Дмитрий был младше меня на два года и в то время еще не женат. Жизнь он закончил полковником лейб-гвардии Кавалергардского полка, а в ту пору имел чин поручика. Он унаследовал все благоразумие и благовоспитанность, которые должны были быть, по-хорошему, распределены между нами, и отец с матушкой всегда взирали на него с умилением и надеждой. С другой стороны, над мужчинами нашего рода не висело дамокловым мечом тайное предсказание Сильвестра Медведева… Мне Дмитрий казался изрядно скучен, однако он очень любил меня, восхищался моей красотой и даже еще в детстве всегда норовил за меня вступиться перед родителями. При виде меня его добродушное, красивое лицо обычно расплывалось в улыбке, однако сейчас он был непривычно серьезен.

– Зинаида, – начал он, едва войдя и даже не здороваясь, и это имя, вместо обычного «Зиля» (так он звал меня с малых лет, когда еще не мог выговорить «Зинуля») или «Зизи», как называли меня все, сразу меня насторожило. – Зинаида, прости, если мой вопрос покажется тебе бесцеремонным, но… сколь далеко зашла твоя дружба с Николаем Жерве?

Меня бросило в такую краску, что другого ответа брату не понадобилось. Он мрачно кивнул:

– Конечно, я и сам подозревал, я ведь видел вас на балах… К тому же слухи… Все это время он молчал о ваших отношениях, однако теперь…

– Что теперь? – насторожилась я.

– Не далее как вчера… – запинался Дмитрий, вдруг утратив весь тот тон великовозрастного мужчины, каким он начал разговор. – Я невольно причиню тебе боль, но…
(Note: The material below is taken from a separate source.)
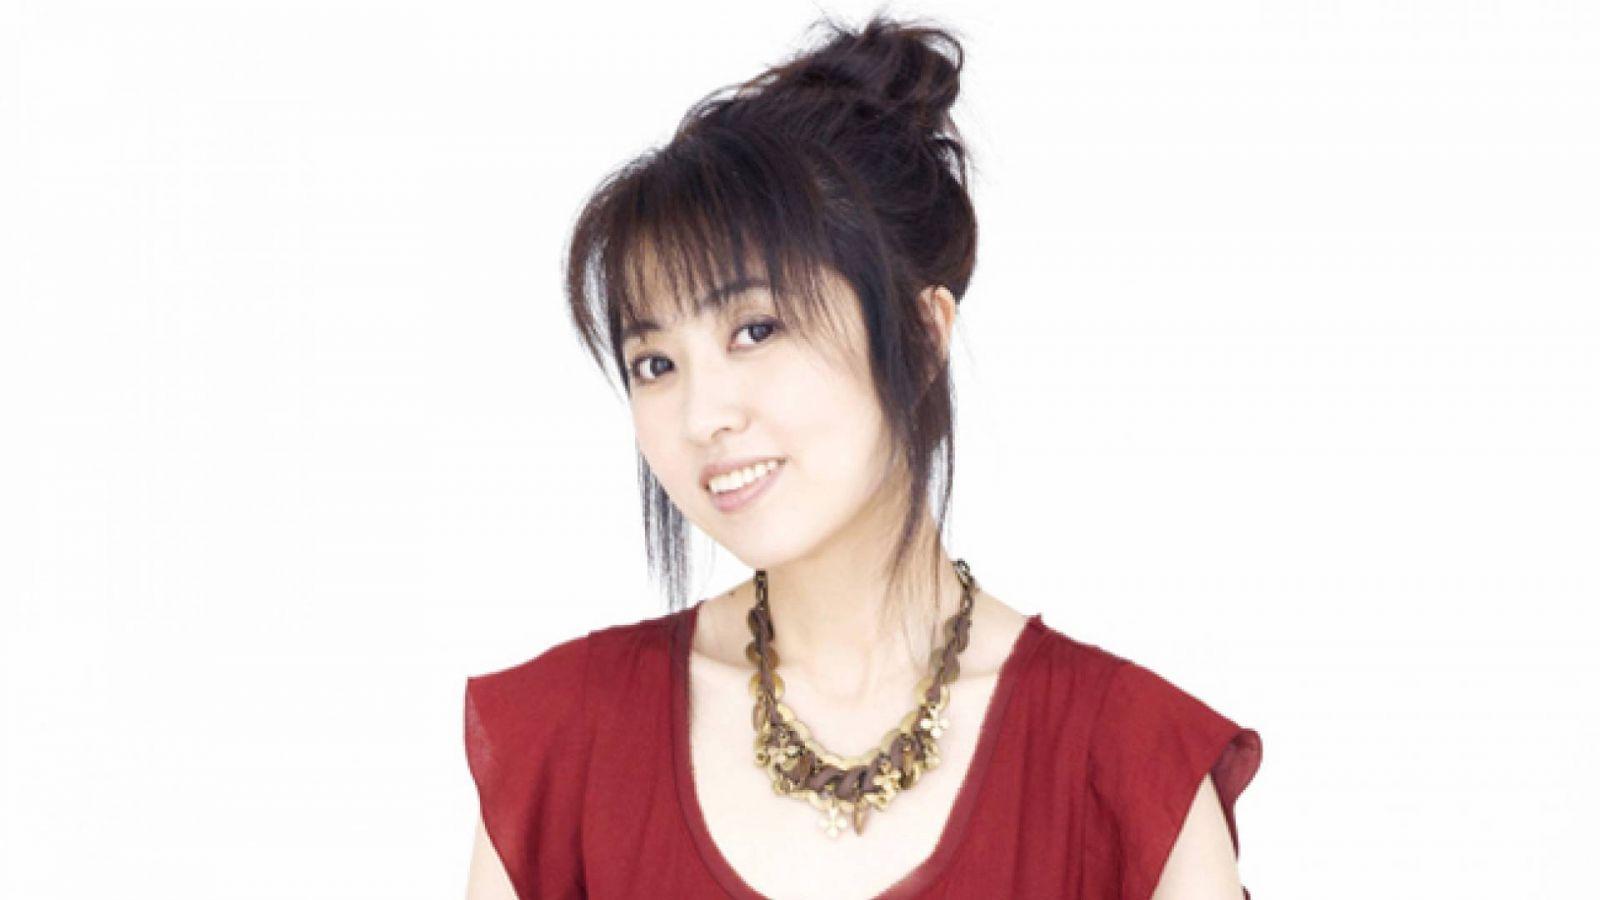 Megumi Hayashibara © Hayashibara Megumi. All rights reserved.

– Да говори же! – крикнула я, хватаясь за сердце, так его вдруг защемило: оно чувствовало беду. – Говори все прямо!

– Да, я знаю, в тебе хватит силы это снести, – кивнул Дмитрий. – Слушай же. Позавчера мы были в одном обществе… у актрис.

При этих словах он снова запнулся и покраснел, как если бы в свои двадцать с небольшим лет еще не заслужил права бывать у женщин приватно.

– Мы были у… Да ты их не знаешь, не важно. Затеяли пить. Вино скоро кончилось, послали за шампанским. Так вышло, что одновременно с вернувшимися посланными приехали Жерве и Столыпин, что ли, не помню точно. Да, еще князь Гагарин с ними был… Они ввалились с бутылками, наперебой читая Пушкина, ну, ты знаешь: «Вдовы Клико или Моэта Благословенное вино…»


Это было смешно, мы хохотали, а потом Жерве закричал, перекрывая наш смех:

«Аи» моей Зизи подобен

Блестящей, ветреной, живой,

И своенравной, и пустой.

В эту минуту Гагарин вдруг посмотрел поверх голов и увидел меня. И что-то быстро сказал Жерве, а тот отмахнулся:

«Да подумаешь! Она одна, что ли, Зизи? Да у меня таких зизишек-мимишек целая куча, но я всех отдам за одну Бордо! Я предпочитаю женщин доступных, они ласковы, и любовь их проста, без всех этих горьких светских пряностей и жеманных приправ!»

И продолжал декламировать:

Но ты, Бордо, подобна другу,

Который в горе и беде,

Товарищ завсегда, везде

Готов нам оказать услугу

Или тихий разделить досуг.

Да здравствует Бордо, наш друг!

«Виват, Бордо!» – закричали кругом, и бутылки пошли по кругу, и появилась какая-то девица в бархатной накидке цвета бордо, под которой… под которой у нее ничего не было, кроме коротких кружевных панталончиков и розового лифа.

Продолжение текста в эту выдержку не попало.